By Bernard Vaughan
NEW YORK (Reuters) - "The presidency is not something that lends itself to on-the-job-training," Vice-President Joe Biden famously quipped of his future running mate in 2007.
That's exactly what President Barack Obama did in his first two years of office, according to a controversial new book by Pulitzer-Prize winning journalist Ron Suskind.
"Confidence Men: Wall Street, Washington, and The Education Of A President" portrays an inexperienced president struggling to manage an administration dominated by out-sized male egos frazzled by epic economic challenges: stabilizing giant banks and a dilapidated auto industry, reforming Wall Street and pushing for health care.
Often, Suskind says, key lieutenants like National Economic Council head Larry Summers and Treasury Secretary Tim Geithner either ignored or delayed Obama's decisions.
The story of a conflicted administration comes at a sensitive moment for Obama as he keeps grappling with a stagnant economy, an increasingly depressed public and Republican presidential candidates filling the air waves with noisy doubts about Obama's ability to lead.
Political pundits, meanwhile, have relished the juicy score-settling the book offers, while a few of its subjects have accused Suskind of mischaracterizing or outright misquoting them.
The heart of the nearly 500-page book is Obama's economic team led by Summers, portrayed as an imperious, tantrum-prone diva who demanded a car with a driver like Geithner and a round of golf with the president when Obama decided to keep Ben Bernanke as Federal Reserve Chairman instead of appointing Summers.

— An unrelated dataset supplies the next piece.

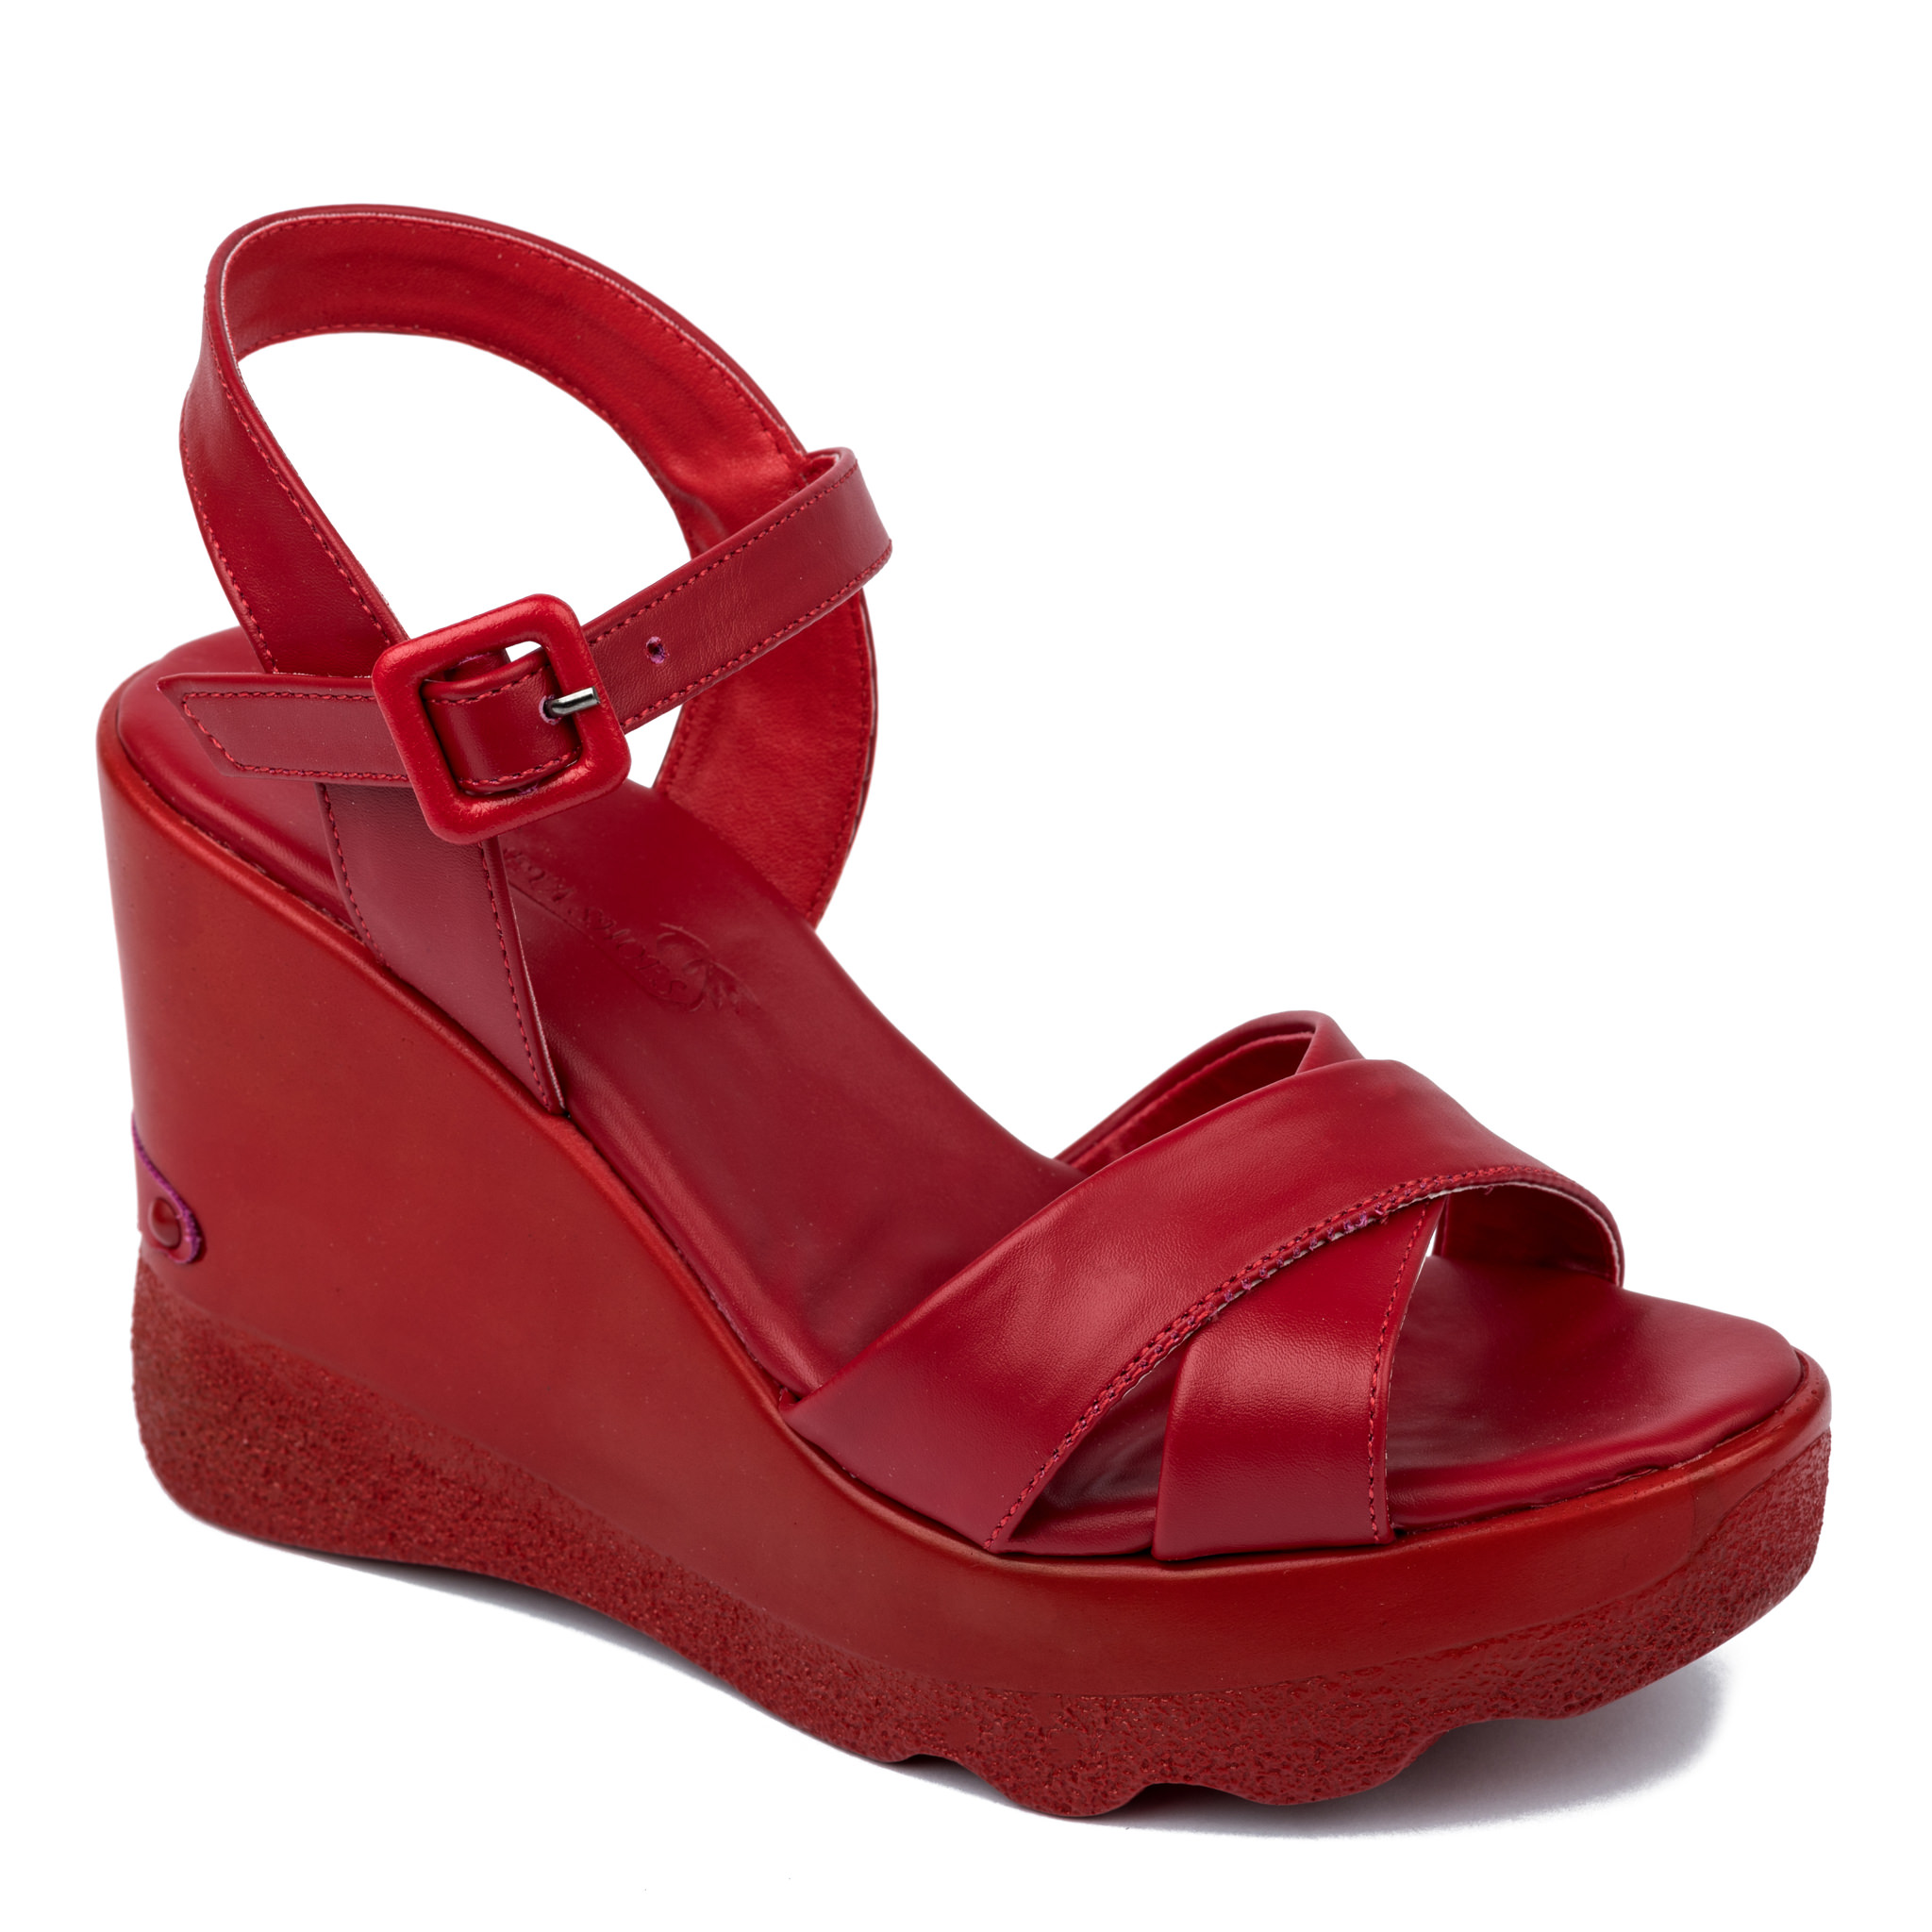 Women sandals A325 - RED

As the administration struggles to stabilize the economy, Summers leads economic meetings that devolve into aimless "debate societies," a sort of West Wing "Waiting For Godot" in which critical questions are debated to death but consensus is rarely reached, let alone policies unified.
Obama is often seen as a distant, poor moderator, "who would sit on high, trying to judge if there was any shared ground between the competing debate teams that might coalesce into a policy," Suskind writes.
Suskind is known for distilling insider accounts into novelistic narratives, as he did with "The One Percent Doctrine," his 2006 best-seller on the post-9/11 anti-terrorism strategy of Vice President Dick Cheney, and 2004's "The Price of Loyalty: George W. Bush, The White House and the Education of Paul O'Neill," about the first years of the Bush Administration.
Suskind says he drew on more than 200 interviews, including a 50-minute interview with Obama, for "Confidence Men."
Action-packed anecdotes abound as he traces the economic dramas of Obama's first two years: Rick Wagoner is left speechless in Washington after car czar Steve Rattner asks him to resign as General Motors CEO, while across town the CEOs of the 13 largest banks await a critical meeting with Obama, "nervous in ways that these men are never nervous."
Women push back against the boys club and come off as heroes. Elizabeth Warren, champion of the Consumer Financial Protection Bureau, FDIC Chair Sheila Bair and Council of Economic Advisers head Christina Romer press for more substantive reforms but have trouble getting through to the president, Suskind says.
Obama does surface to make risky decisions, whether to support Chrysler against some advisers' wishes or push health care reform after Scott Brown's stunning win in Massachusetts.
"I read the memo, Larry," Suskind quotes him cutting off Summers as the latter started a tense meeting on Chrysler.
It's not until after the November 2010 mid-term elections that Obama's footing seems more assured. Summers and his political advisers Emanuel and David Axelrod move on, giving Obama the chance for a clean slate, Suskind says.
A month later, Obama dismissed a dossier of deals Biden negotiated with Senate leaders and hashed out an agreement himself with Republican Leader Mitch McConnell to exchange the two-year extension of the Bush tax cuts for high-income Americans for a year-long extension of unemployment benefits and a payroll tax cut -- a compromise many progressives thought disastrous.
But, Suskind writes, "Obama had simply taken control of the matter. He was sitting in the space his presidency had created. He owned it."